By David Adkins posted 03-25-2014 12:54 PM

  

My email in-box (and LinkedIn & Twitter) were full of posts about the upcoming Supreme Court case regarding software patents.

According to Forbes Magazine last week:

"On March 31 the Supreme Court will hear arguments in a lawsuit that will decide the future of software patents. Or not."

http://www.forbes.com/sites/danielfisher/2014/03/20/supreme-court-to-decide-fate-of-software-patents-or-maybe-not/



The case before the court is Alice Corp.  vs. CLS Bank - and www.scotusblog.com says the issue is:


Whether claims to computer-implemented inventions – including claims to systems and machines, processes, and items of manufacture – are directed to patent-eligible subject matter within the meaning of 35 U.S.C. § 101 as interpreted by this Court.

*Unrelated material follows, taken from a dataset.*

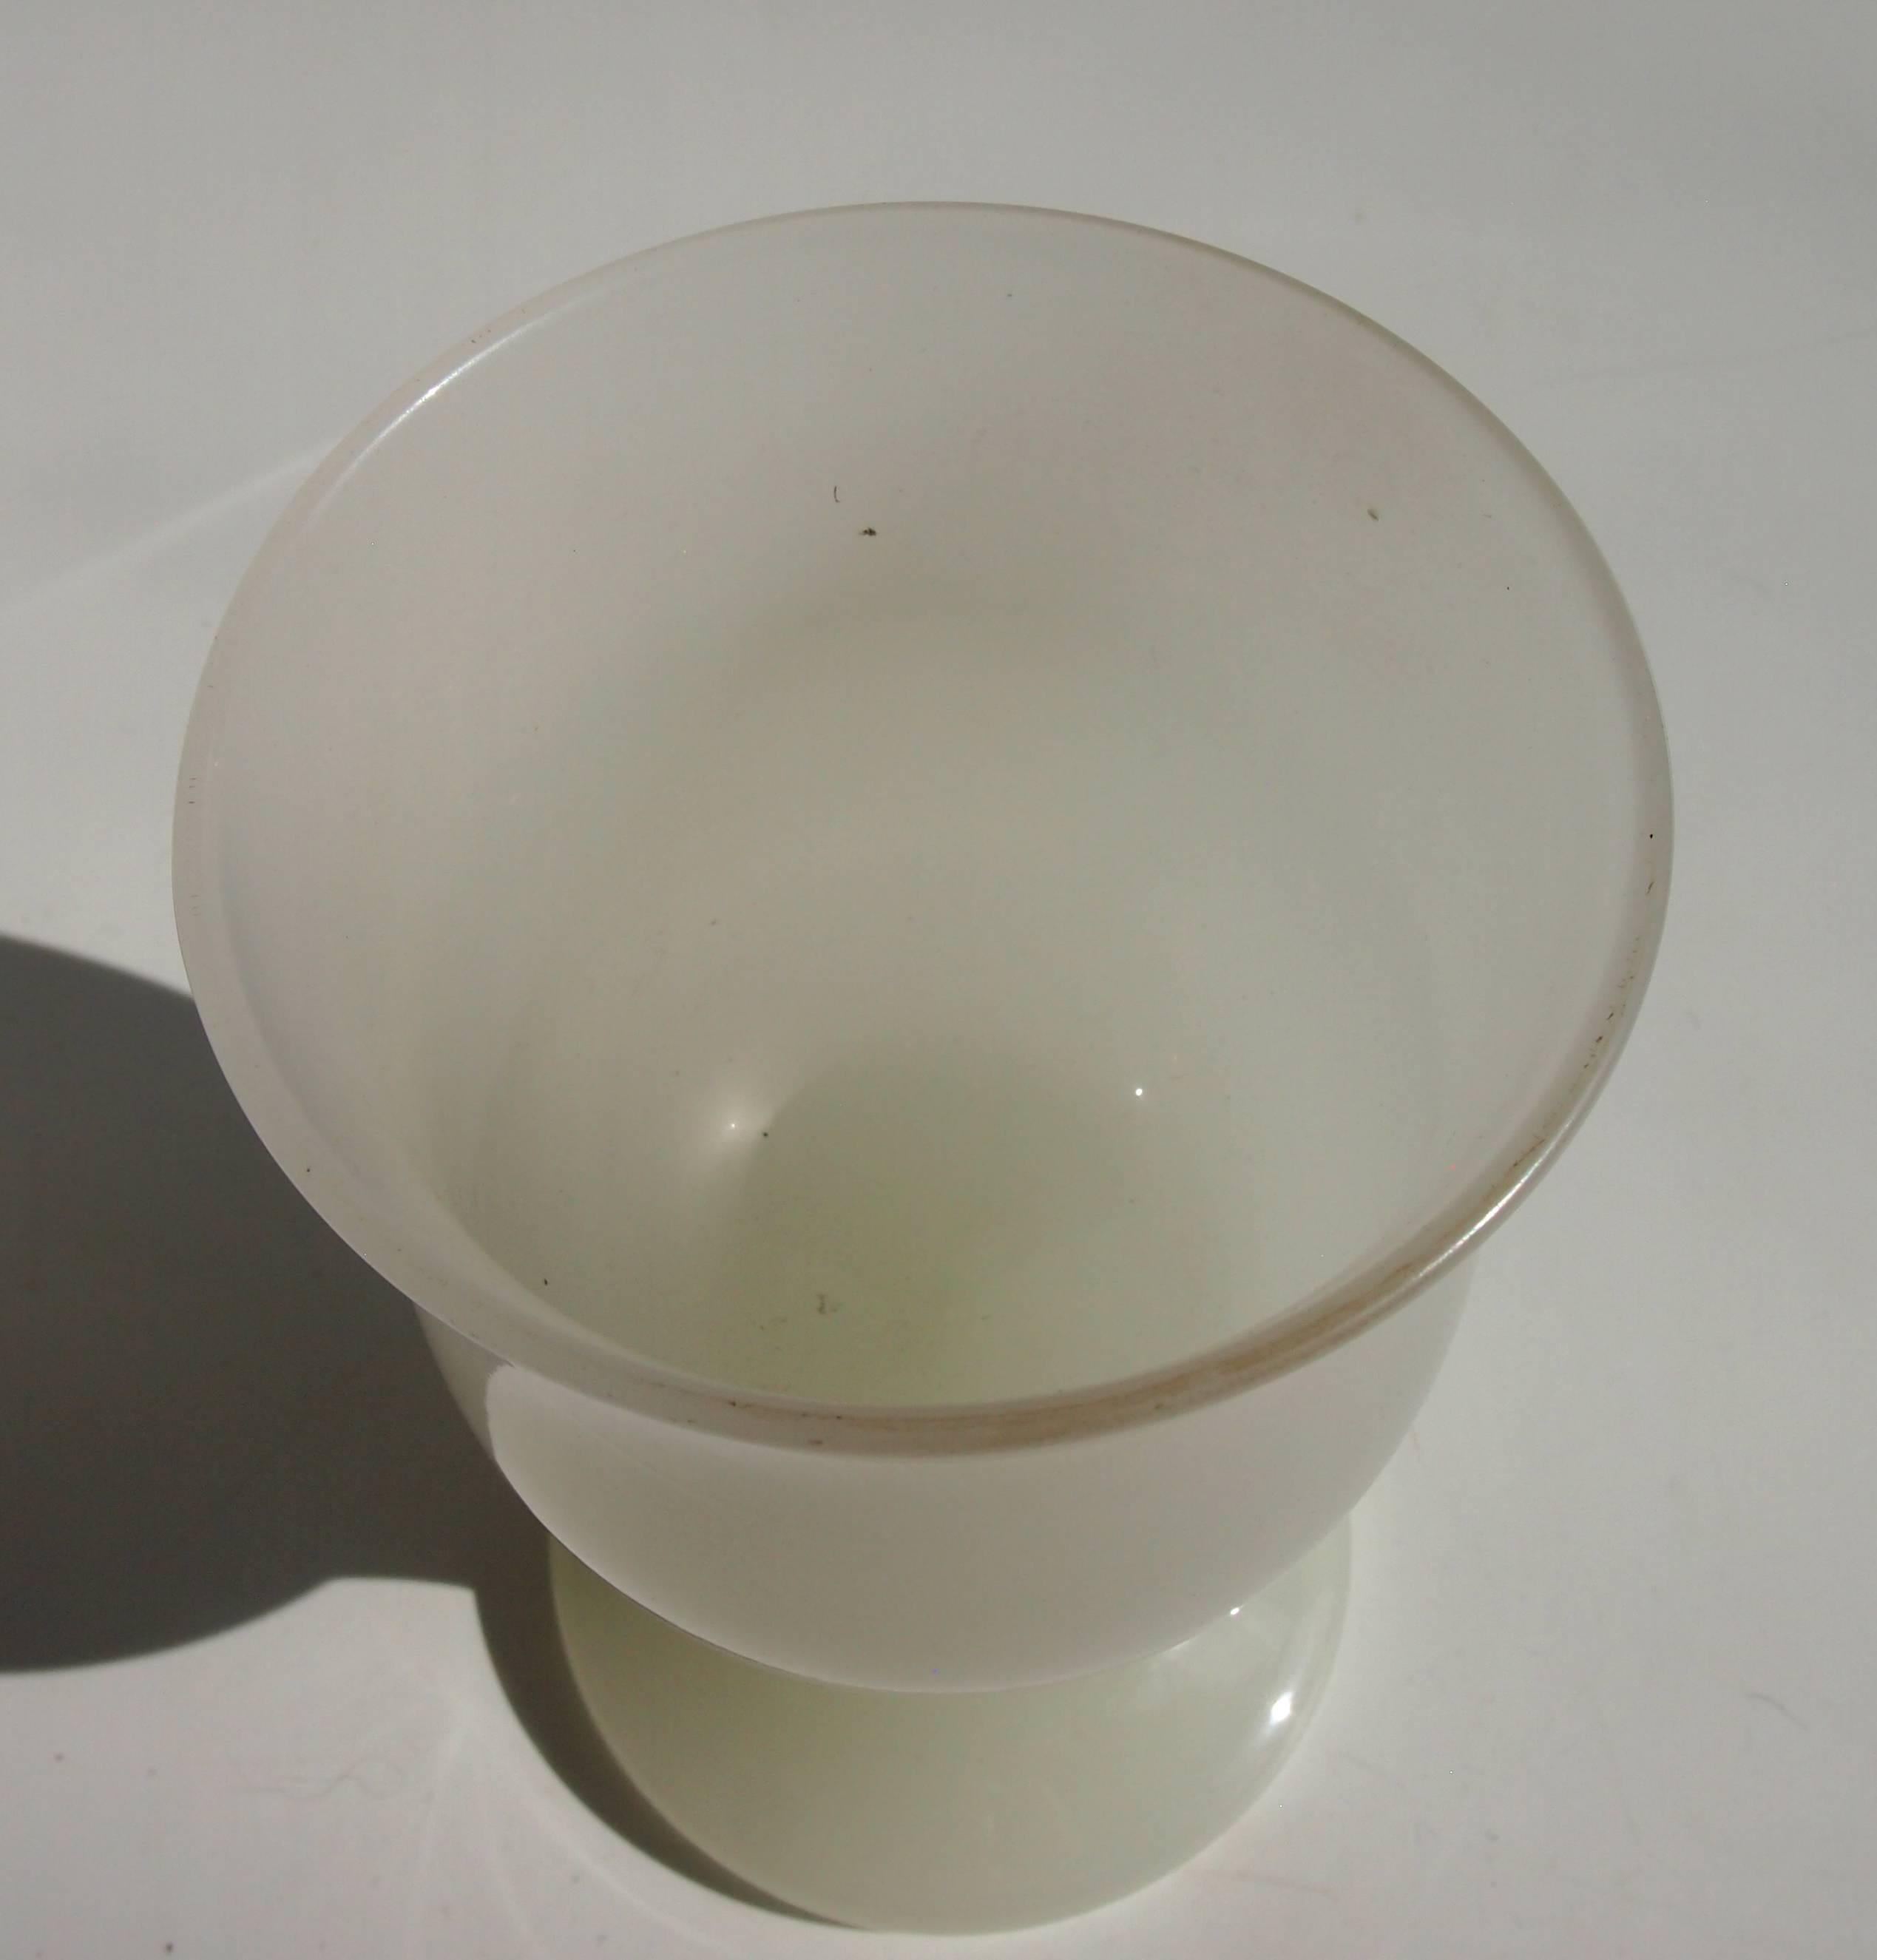 A superb Art Nouveau all white or pale clambroth Alabaster goblet vase by Stevens and Williams originally from their own museum and probably unique. Alabaster glass was first created by Frederick Carder at Stevens and Williams before he emigrated to

Many of us in Technology are watching this case and waiting for the outcome - as it could fundamentally change the patent system for software. 

The Washington Post writes:

If you write a book or a song, you can get copyright protection for it. If you invent a new pill or a better mousetrap, you can get a patent on it. But for the last two decades, software has had the distinction of being potentially eligible for both copyright and patent protection.

Critics say that's a mistake. They argue that the complex and expensive patent system is a terrible fit for the fast-moving software industry. And they argue that patent protection is unnecessary because software innovators already have copyright protection available.


http://www.washingtonpost.com/blogs/the-switch/wp/2014/02/26/will-the-supreme-court-save-us-from-software-patents/

I'll keep this post updated with the eventual outcome of the case.